Open ericphanson opened this issue 4 years ago • 10 comments

This is a proof of concept implementation of a different internal structure for Convex.jl (edit: which has started to turn into a bit of a rewrite).

Currently, just the minimal amount of methods are implemented to solve testproblem/testproblem.jl. Probably any other problem will error! The end-user access point is solve2! which works just like solve! (except much of it isn't implemented).

Some design notes

template basically has the same motivation as conic_form!: it recurses through the problem, generating a conic reformulation of it. It does so in a different way, however. It takes a context parameter which acts very similarly to how unique_conic_forms currently works by holding problem-local state. In this case, it holds a MOI model. When constructing the conic reformulation, any Convex AbstractVariables are associated to MOI variables added to the model. Any constraints are simply immediately added to the model. Then a MOI function is returned. In the end, we recover an MOI function which is the objective function for the problem.

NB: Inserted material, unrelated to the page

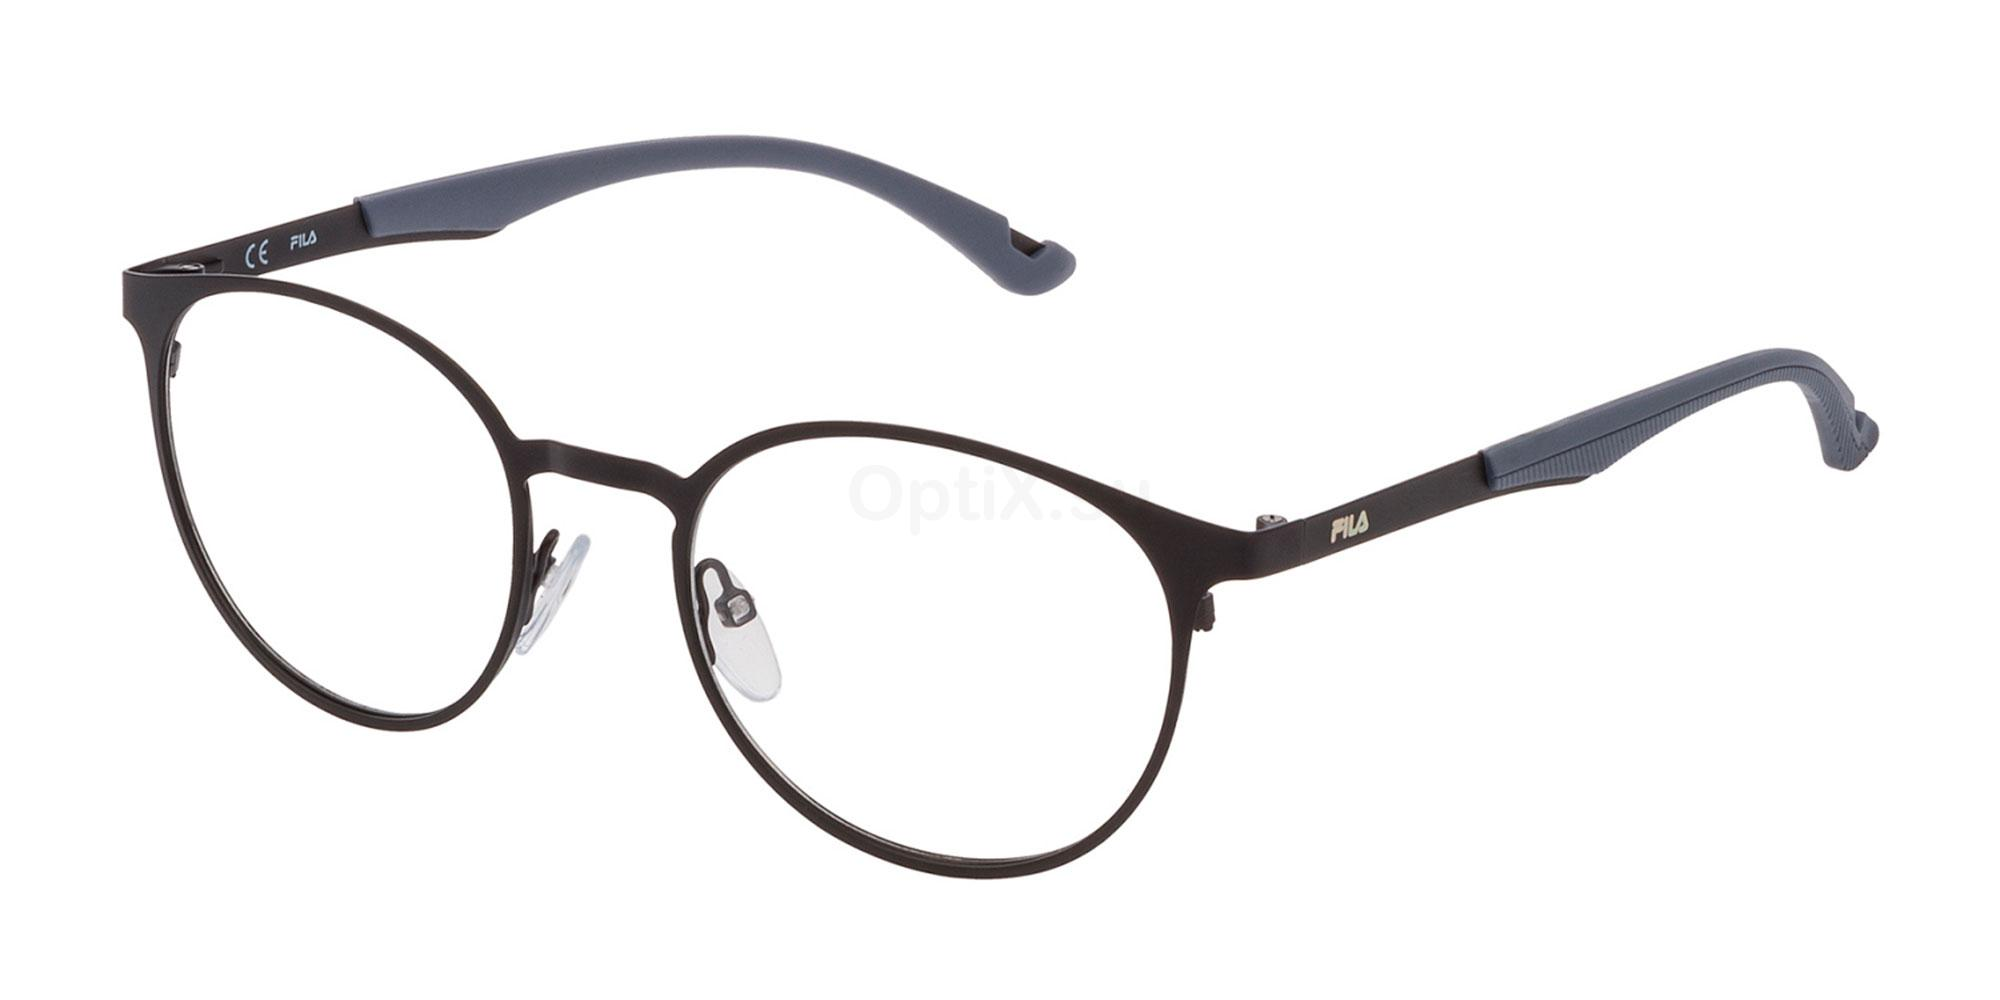 0531 VF9919 Glasses, Fila

This implementation reuses the current atoms and DCP properties, but the conic reformulations are entirely rewritten (template instead of conic_form!) which means that all the objects in conic_form.jl and solution.jl are not used.

Some more notes:

  • We get access to both the Convex.jl object (and it's children), as well as the MOI objects returned from calling template on the children. We should think about when to use one versus the other.
  • It's crucial that a redesign allows defining atoms in terms of partially specified problems (https://github.com/jump-dev/Convex.jl/issues/310) (but this isn't done here yet! edit: actually this isn't a big deal and can be done as easily in the new implementation).
  • I've used the convention of not including the ! when modifying the context object, under the assumption that it is often being modified.
  • It might be quite interesting to multithread problem formulation. To do so, we could use the branching tree structure of the problem. One issue is that adding variables to the MOI model is a global operation we only want to do once.
  • Convex.jl currently passes around tuples of real and imaginary parts of objects. I did not do this here, partly in the hopes that MOI can get native complex support and we can re-use it here. This I imagine would be key for Hypatia to not need the big complex-to-real SDP reformulation used in Convex.jl (assuming it can natively support the complex PSD cone).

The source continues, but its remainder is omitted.